## Instructions for the task
Would you give the listing again exactly, without its images?

## Source material
______
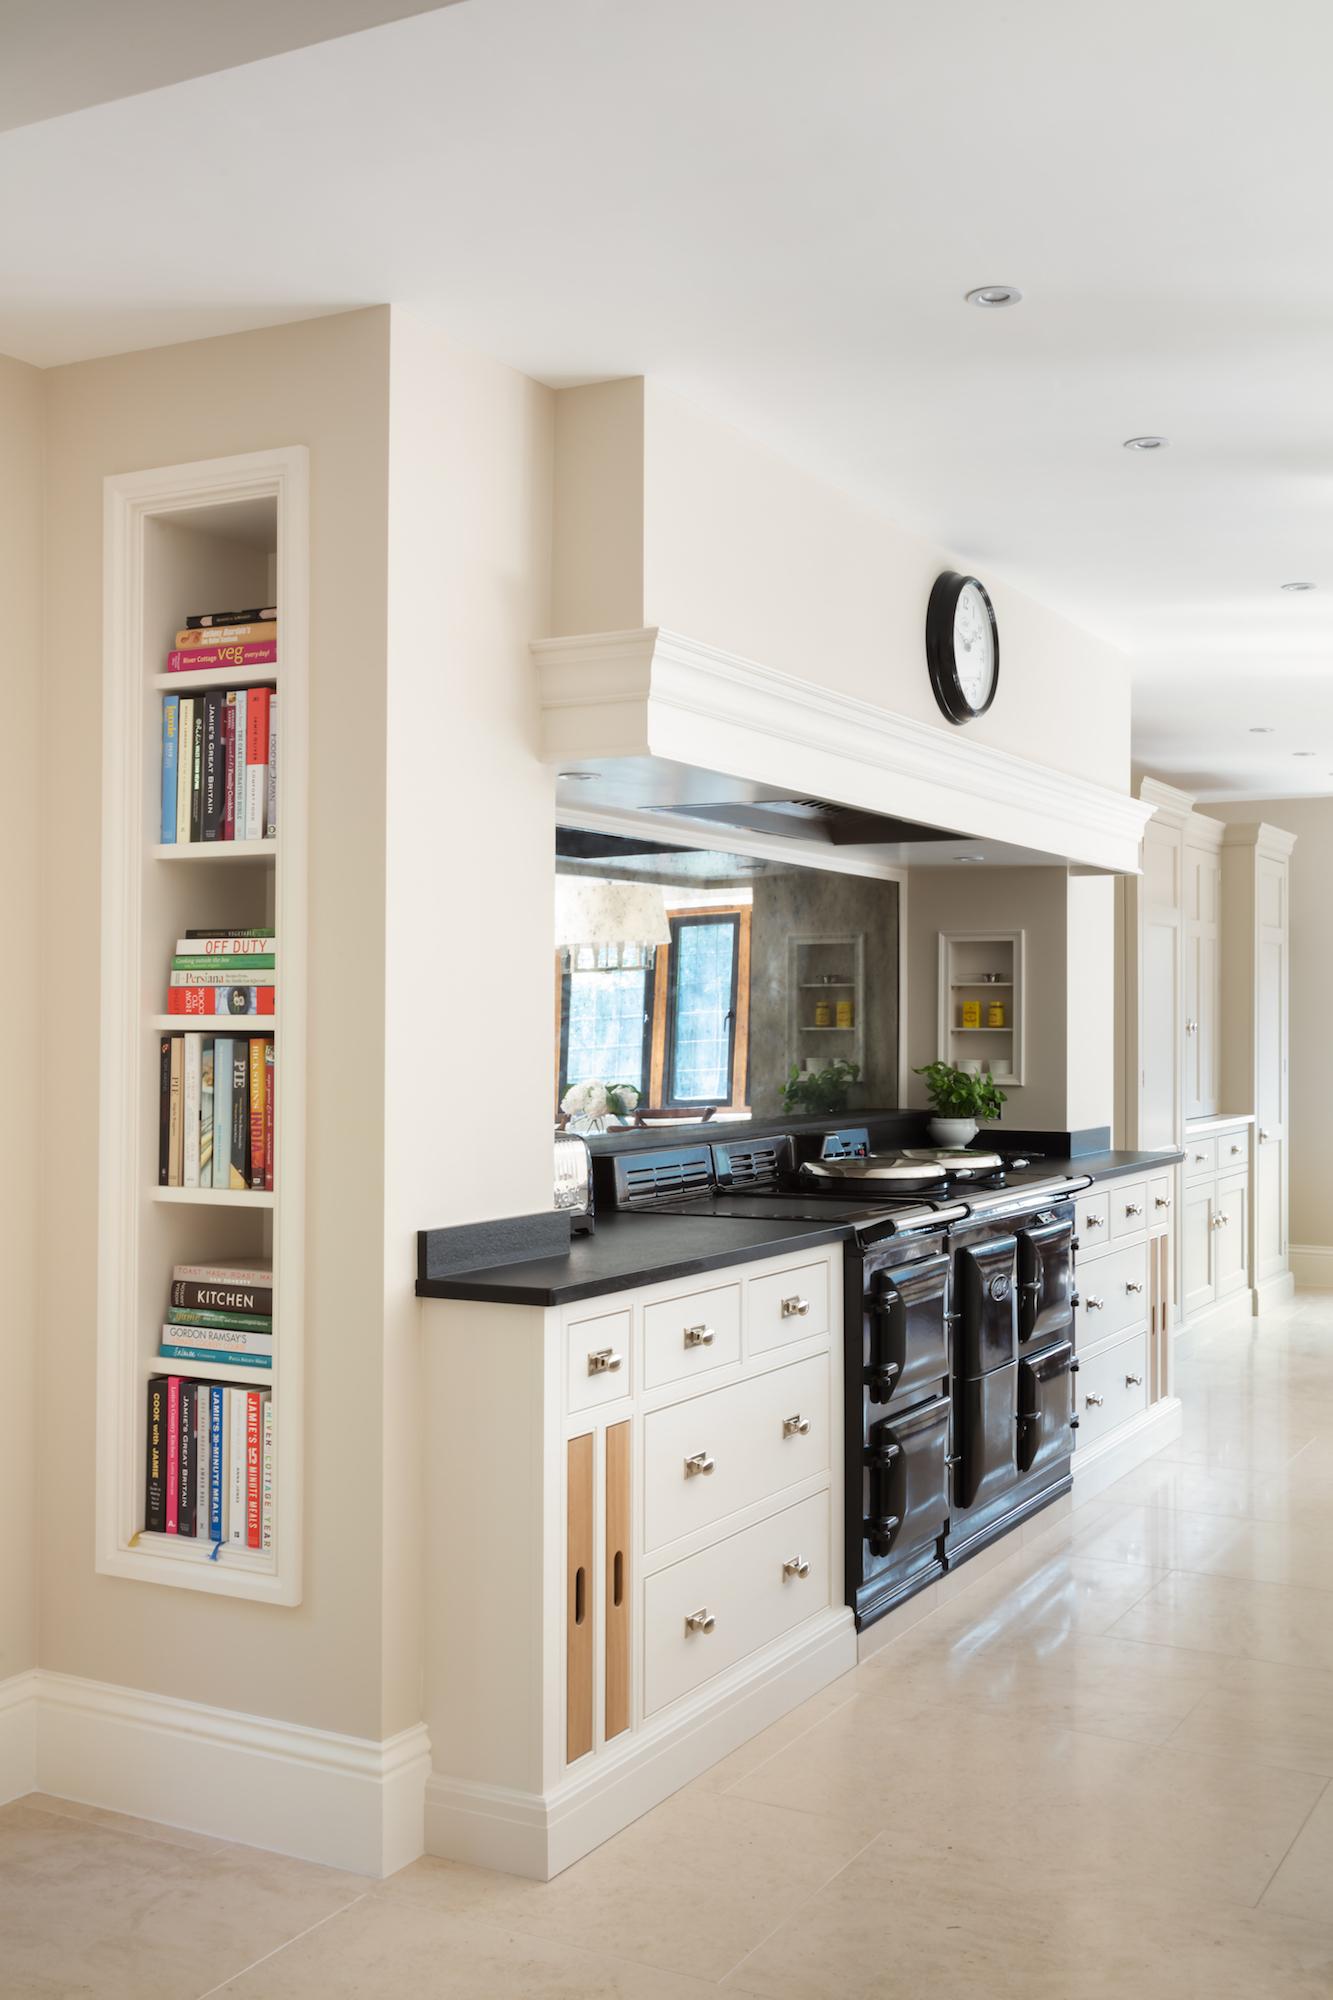 Kitchen Confidential | Gerrards Cross Project - Humphrey Munson Kitchens
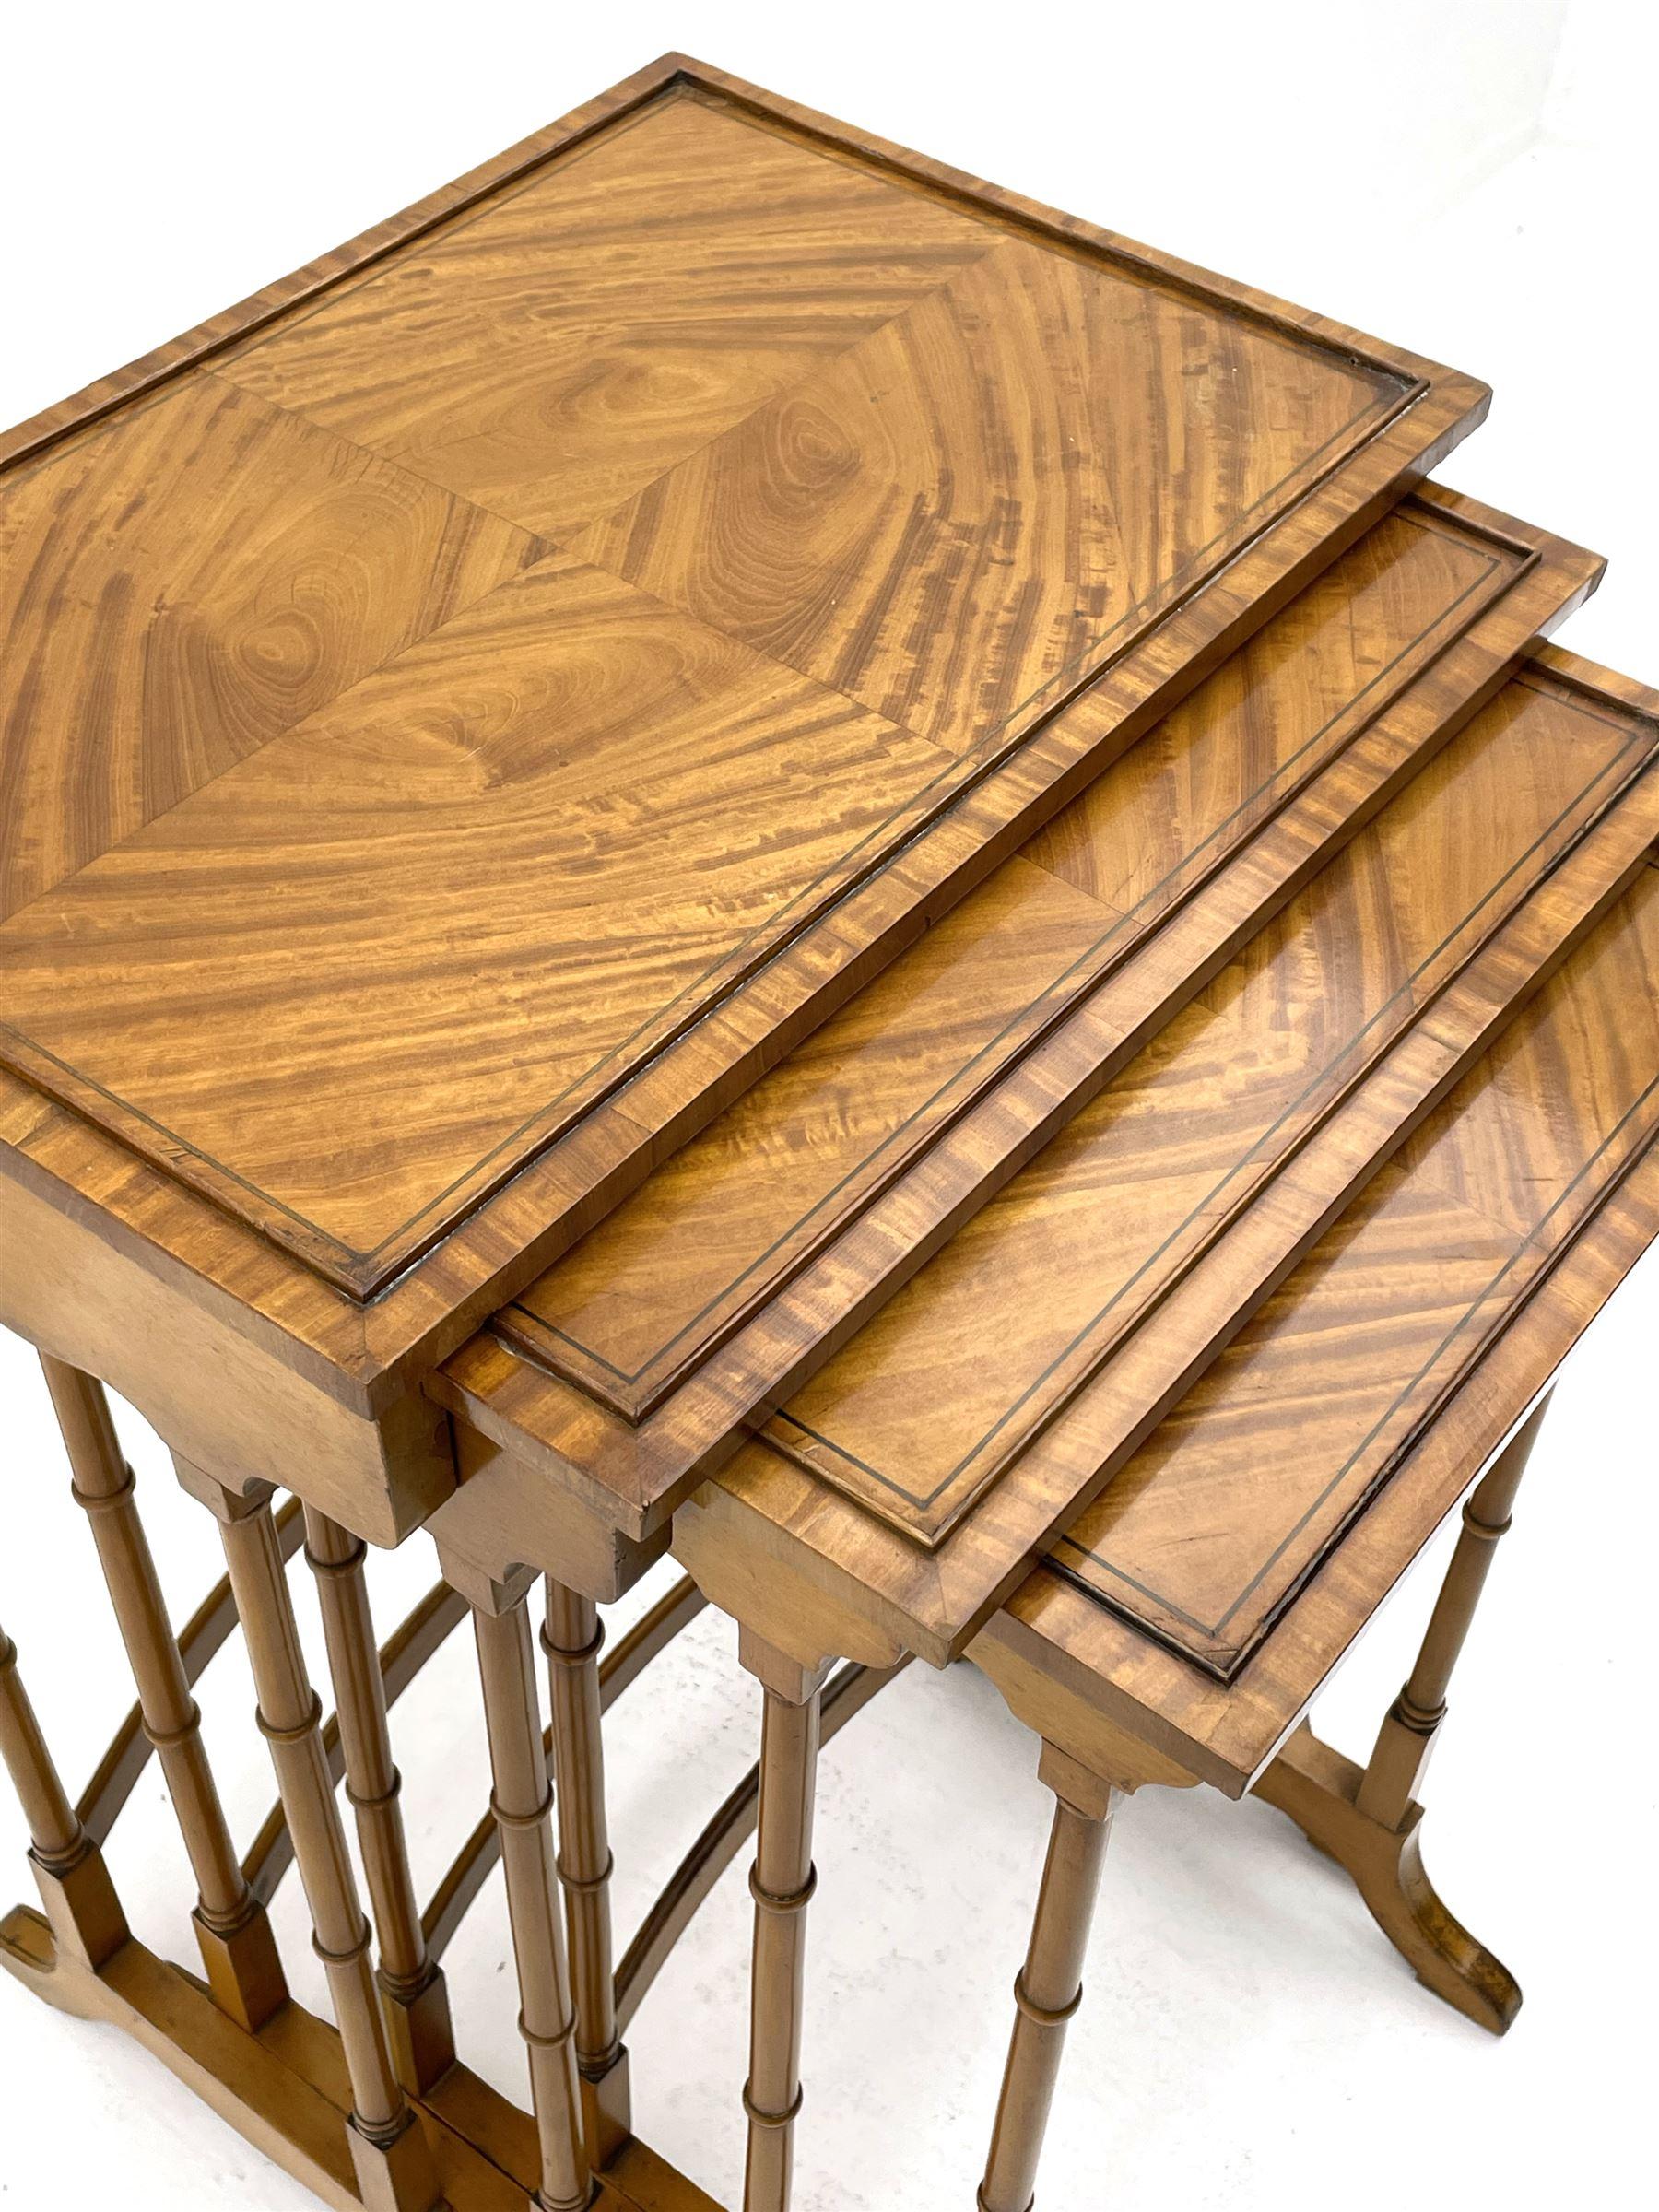 Edwardian satinwood quartetto nest of occasional tables - Image 5 of 6
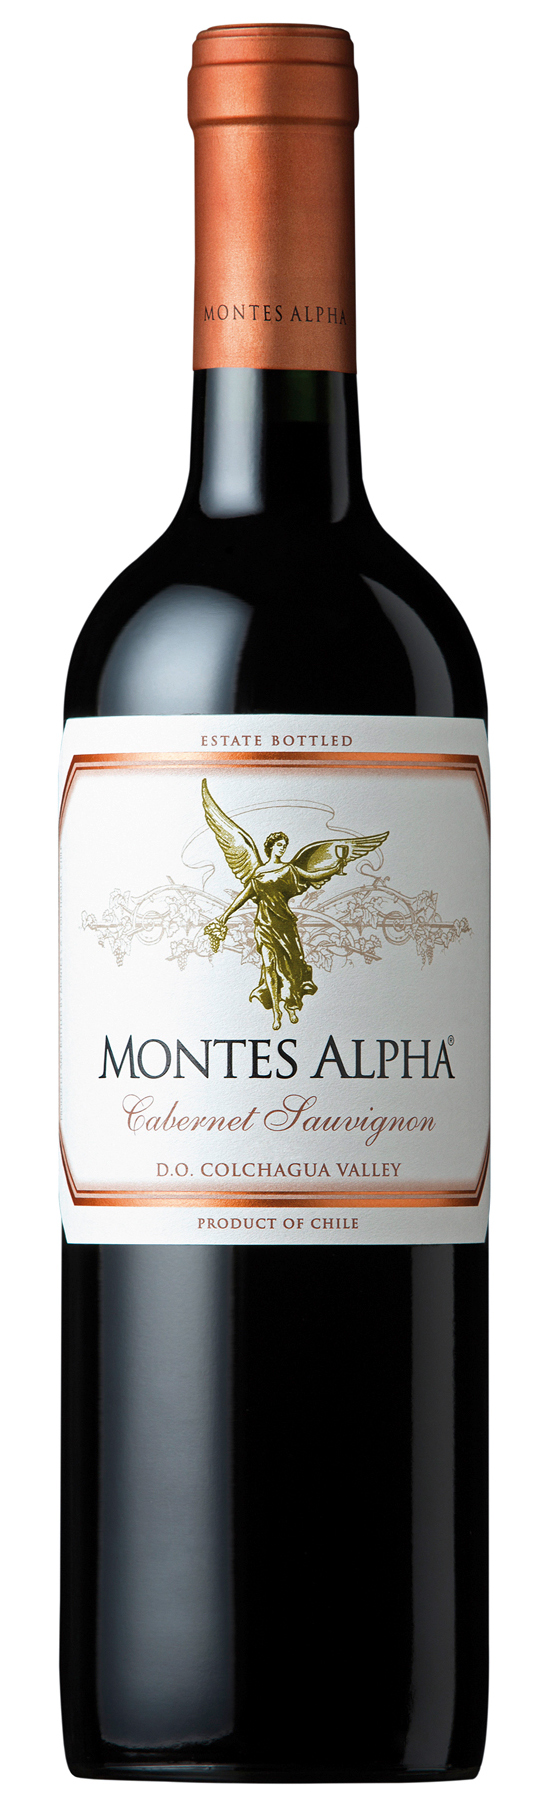 2014 Montes Alpha Cabernet Sauvignon
______
## Exercise answer
 Kitchen Confidential | Gerrards Cross Project - Humphrey Munson Kitchens
 Edwardian satinwood quartetto nest of occasional tables - Image 5 of 6
 2014 Montes Alpha Cabernet Sauvignon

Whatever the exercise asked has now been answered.